Accelerating regulatory submissions
Our unique regulatory intelligence and health authority query (HAQ) management offerings, paralleled with content automation capabilities, help accelerate regulatory submissions.
Safety and regulatory control tower
With so many projects in your safety and regulatory practice, how can you track progress and flag risks? Safety and regulatory practice-specific dashboards can identify opportunities for organizing projects.
Signal management to improve patient safety
From safety signals management to predictive pharmacovigilance, it’s critical to truly innovate and deliver the best quality of care to patients.
HOW WE DO IT
ZS’s approach
ZS believes in the powerful combination of expertise and technology. We can help you innovate, analyze, predict and visualize to create the most advanced regulatory and pharmacovigilance practices.
Advisory solutions
From defining the most efficient organizational structure to designing a technology roadmap for the next five years, our advisory solutions will take your regulatory and pharmacovigilance organizations to the next level.
Data fabric
A critical first step to attaining powerful analytics is having the necessary data. We’ll help you build best-in-class data management infrastructure by considering business goals, analytical maturity, data access and current capabilities.
Reporting and analytics
We can help create the analytics dashboards you need, while providing report development services backed by artificial intelligence (AI) and machine learning (ML).
Content authoring automation
Report authoring is time and effort intensive, due to the necessary manual information extraction from different sources. We can help save time by automating tedious portions of the regulatory content authoring process.

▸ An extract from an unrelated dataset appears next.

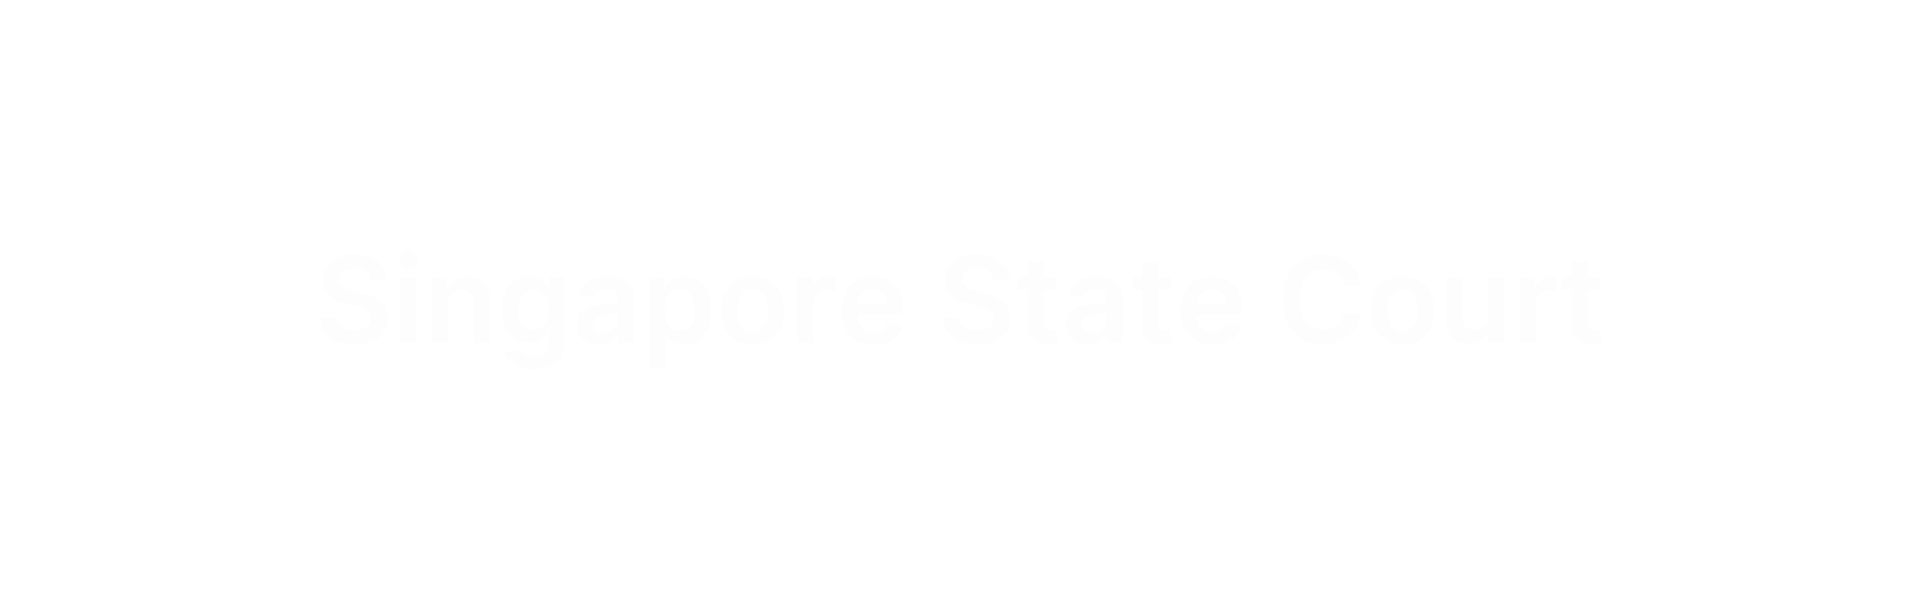 Singapore State Court

Regulatory intelligence and health authority interaction solutions
Our regulatory intelligence and HAQ solutions tap into historical data, inform data-driven regulatory decision-making and enable insights for rapid and efficient regulatory approvals.
Safety insights
It’s challenging to generate powerful safety insights. We use AI and ML algorithms to leverage historical data from similar studies, which can help generate impactful safety insights that enhance patient safety.